You should receive a response body in the following format:

{
  "self": "https://chinanorth2.api.cognitive.azure.cn/speechtotext/v3.2/endpoints/a07164e8-22d1-4eb7-aa31-bf6bb1097f37",
  "model": {
    "self": "https://chinanorth2.api.cognitive.azure.cn/speechtotext/v3.2/models/9e240dc1-3d2d-4ac9-98ec-1be05ba0e9dd"
  },
  "links": {
    "logs": "https://chinanorth2.api.cognitive.azure.cn/speechtotext/v3.2/endpoints/a07164e8-22d1-4eb7-aa31-bf6bb1097f37/files/logs",
    "restInteractive": "https://chinanorth.stt.speech.azure.cn/speech/recognition/interactive/cognitiveservices/v1?cid=a07164e8-22d1-4eb7-aa31-bf6bb1097f37",
    "restConversation": "https://chinanorth.stt.speech.azure.cn/speech/recognition/conversation/cognitiveservices/v1?cid=a07164e8-22d1-4eb7-aa31-bf6bb1097f37",
    "restDictation": "https://chinanorth.stt.speech.azure.cn/speech/recognition/dictation/cognitiveservices/v1?cid=a07164e8-22d1-4eb7-aa31-bf6bb1097f37",
    "webSocketInteractive": "wss://chinanorth.stt.speech.azure.cn/speech/recognition/interactive/cognitiveservices/v1?cid=a07164e8-22d1-4eb7-aa31-bf6bb1097f37",
    "webSocketConversation": "wss://chinanorth.stt.speech.azure.cn/speech/recognition/conversation/cognitiveservices/v1?cid=a07164e8-22d1-4eb7-aa31-bf6bb1097f37",
    "webSocketDictation": "wss://chinanorth.stt.speech.azure.cn/speech/recognition/dictation/cognitiveservices/v1?cid=a07164e8-22d1-4eb7-aa31-bf6bb1097f37"
  },
  "project": {
    "self": "https://chinanorth2.api.cognitive.azure.cn/speechtotext/v3.2/projects/0198f569-cc11-4099-a0e8-9d55bc3d0c52"
  },
  "properties": {
    "loggingEnabled": true
  },
  "lastActionDateTime": "2024-07-15T16:30:12Z",
  "status": "Succeeded",
  "createdDateTime": "2024-07-15T16:29:36Z",
  "locale": "en-US",
  "displayName": "My Endpoint",
  "description": "My Endpoint Description"
}

Make an HTTP GET request using the "logs" URI from the previous response body. Replace YourEndpointId with your endpoint ID, replace YourSubscriptionKey with your Speech resource key, and replace YourServiceRegion with your Speech resource region.

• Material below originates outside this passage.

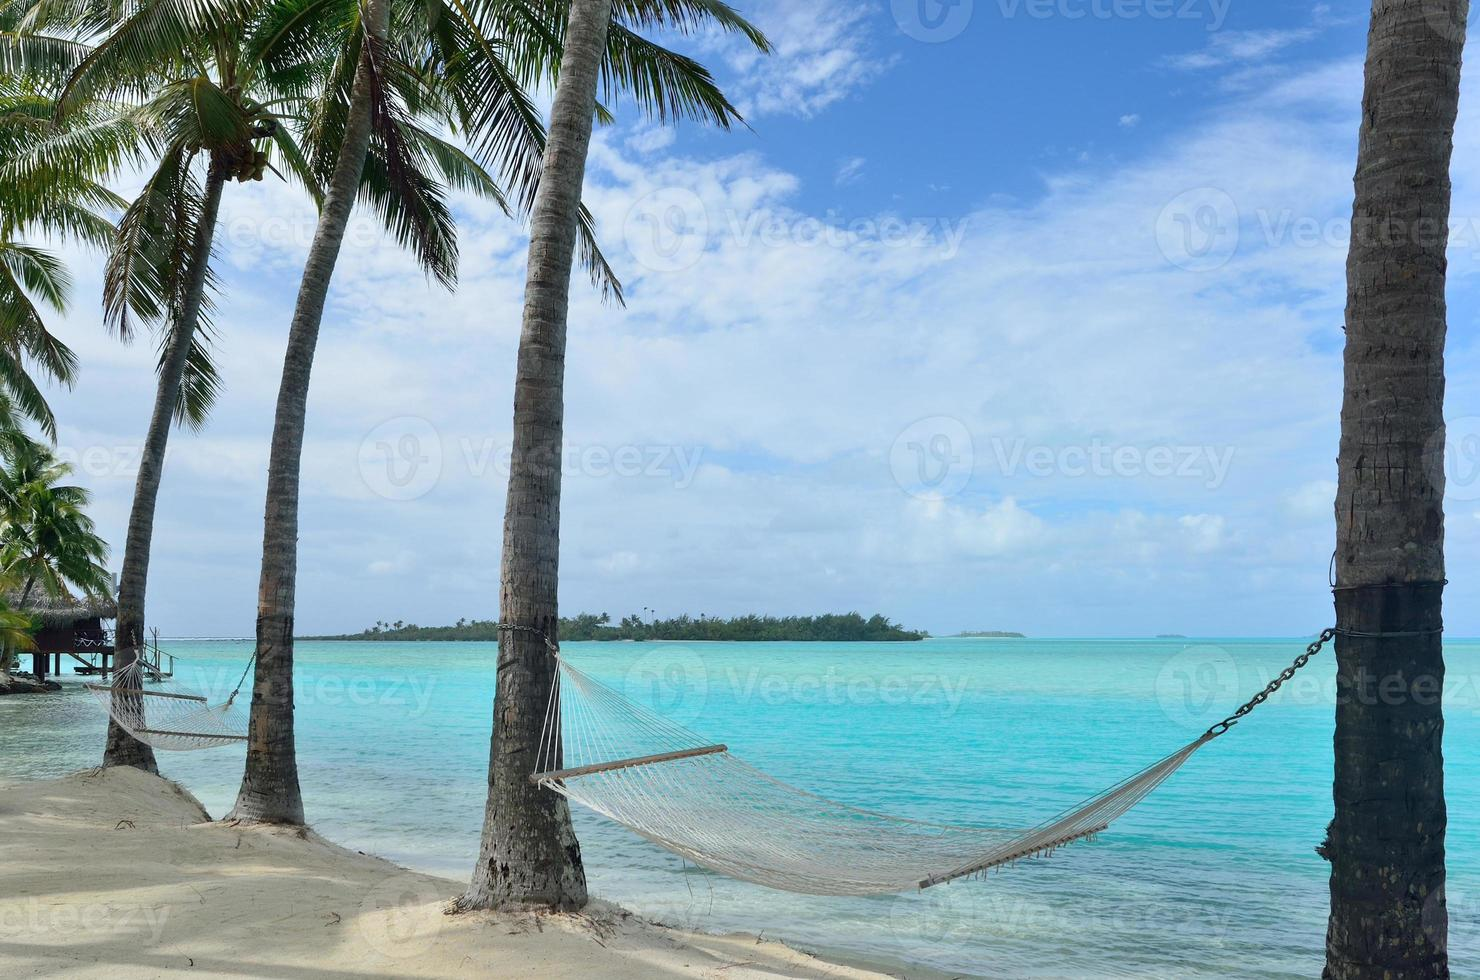 amaca sull'isola tropicale foto

curl -v -X GET "https://YourServiceRegion.api.cognitive.azure.cn/speechtotext/v3.2/endpoints/YourEndpointId/files/logs" -H "Ocp-Apim-Subscription-Key: YourSubscriptionKey"

The locations of each log file with more details are returned in the response body.

Logging data is available on Microsoft-owned storage for 30 days, and then it's removed. If your own storage account is linked to the Azure AI services subscription, the logging data isn't automatically deleted.